[Start of section]
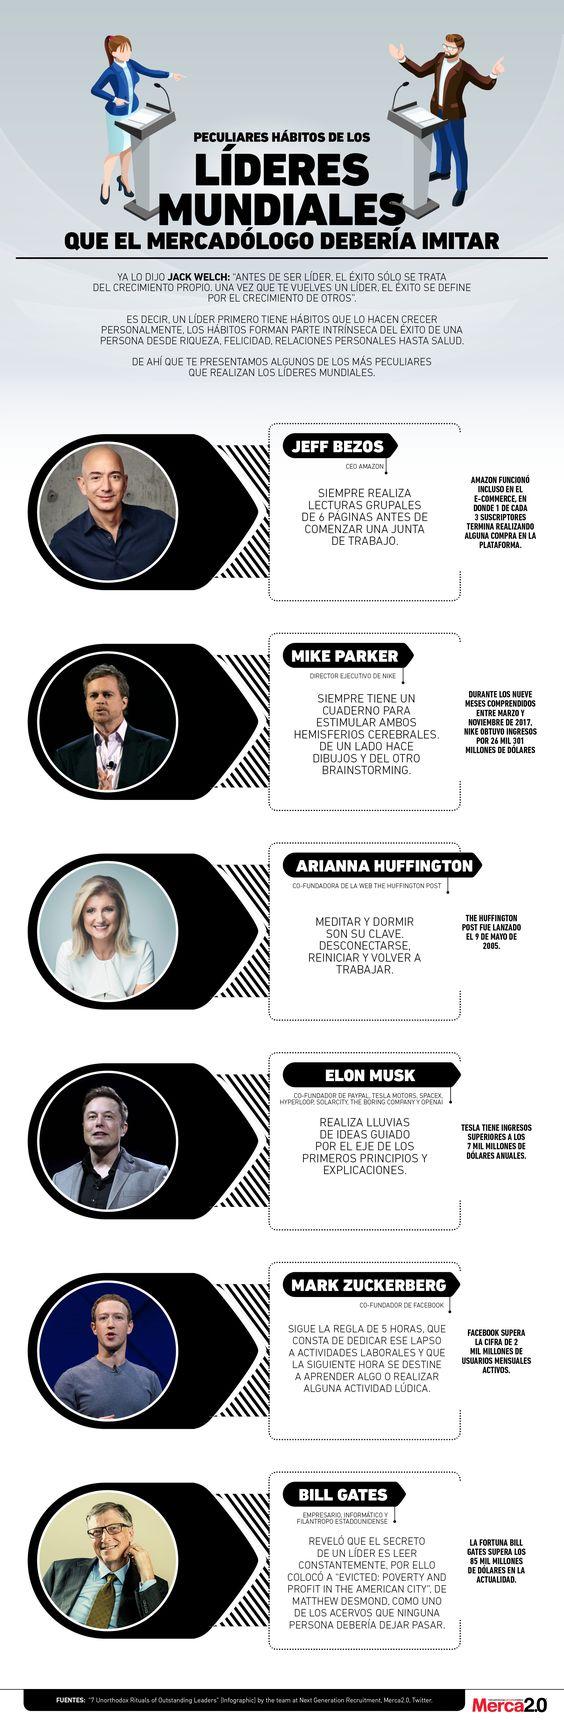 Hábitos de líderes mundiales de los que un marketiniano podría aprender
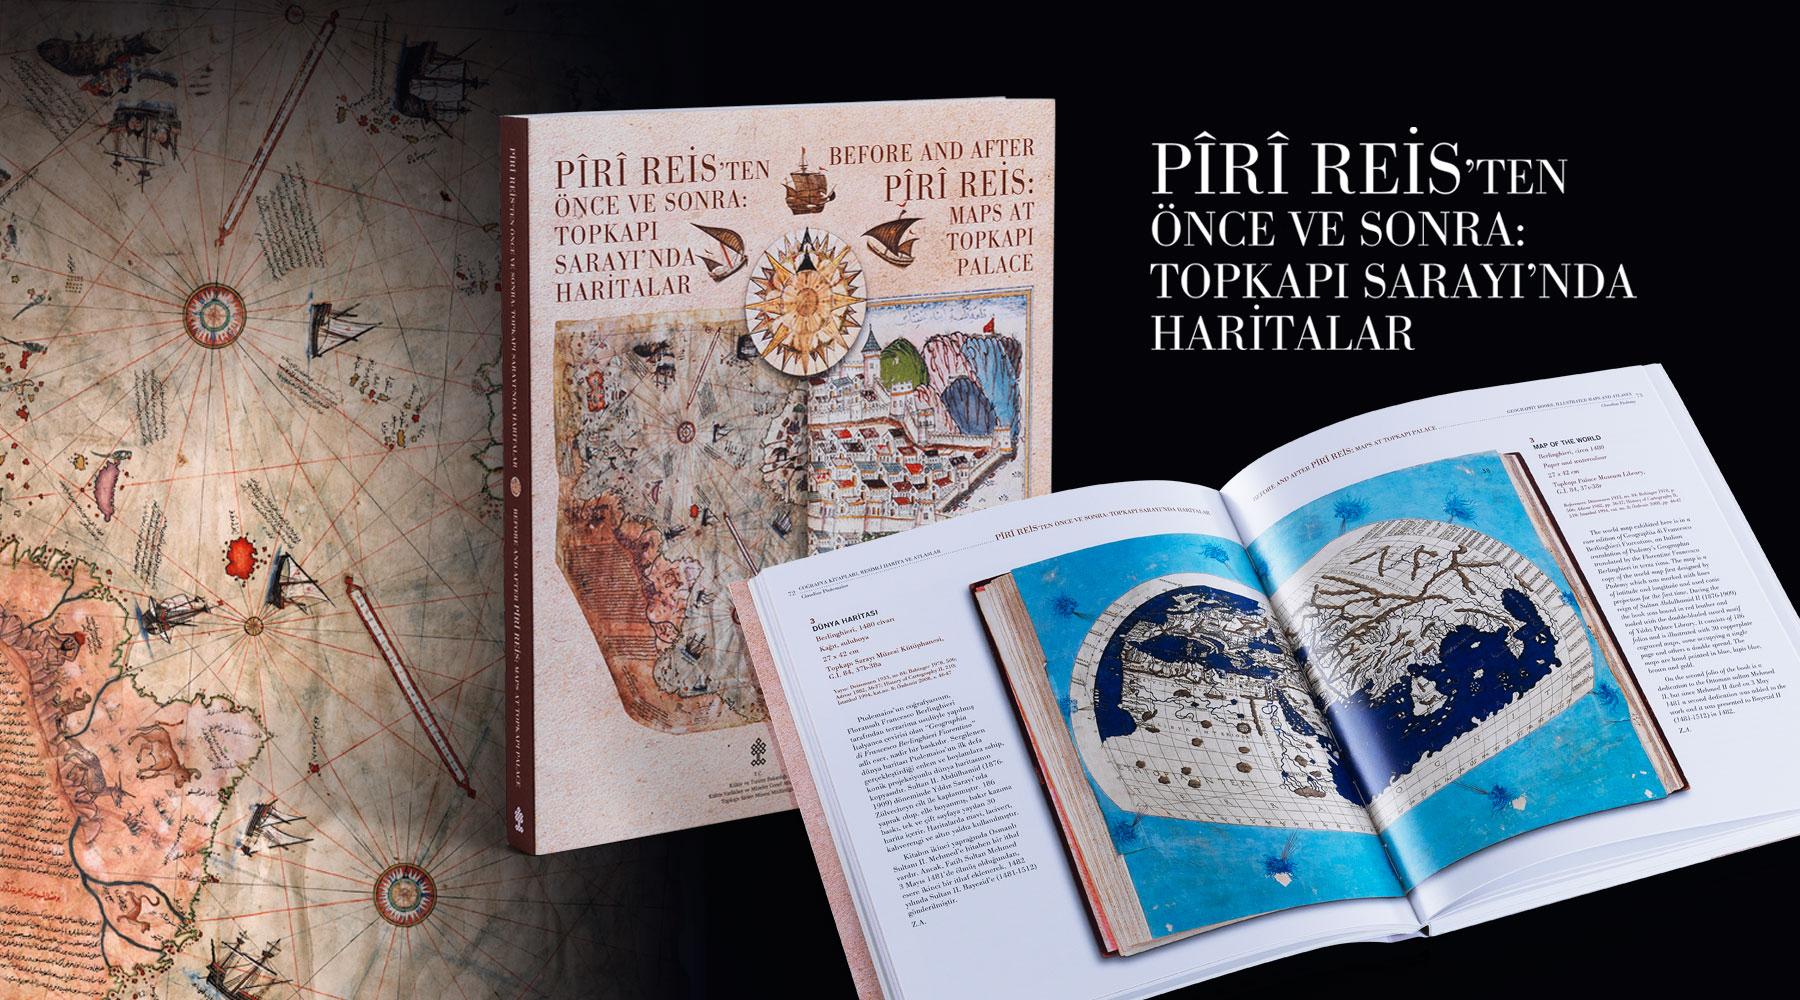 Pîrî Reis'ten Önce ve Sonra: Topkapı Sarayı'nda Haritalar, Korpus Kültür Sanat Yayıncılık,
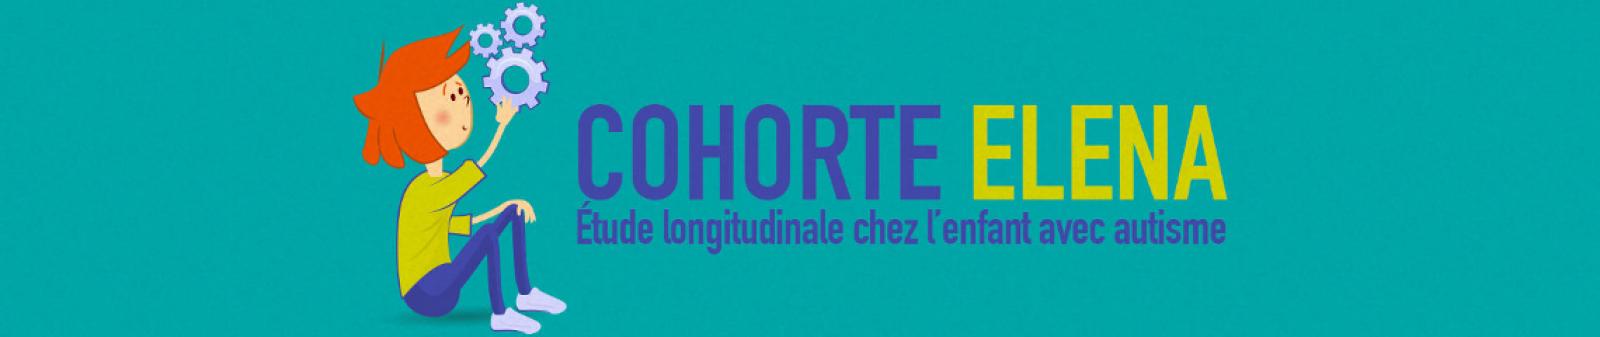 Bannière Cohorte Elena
[End of section]
Directions:
Repeat the data above in full and exactly. Omit every image.

Worked solution:
 Hábitos de líderes mundiales de los que un marketiniano podría aprender
 Pîrî Reis'ten Önce ve Sonra: Topkapı Sarayı'nda Haritalar, Korpus Kültür Sanat Yayıncılık,
 Bannière Cohorte Elena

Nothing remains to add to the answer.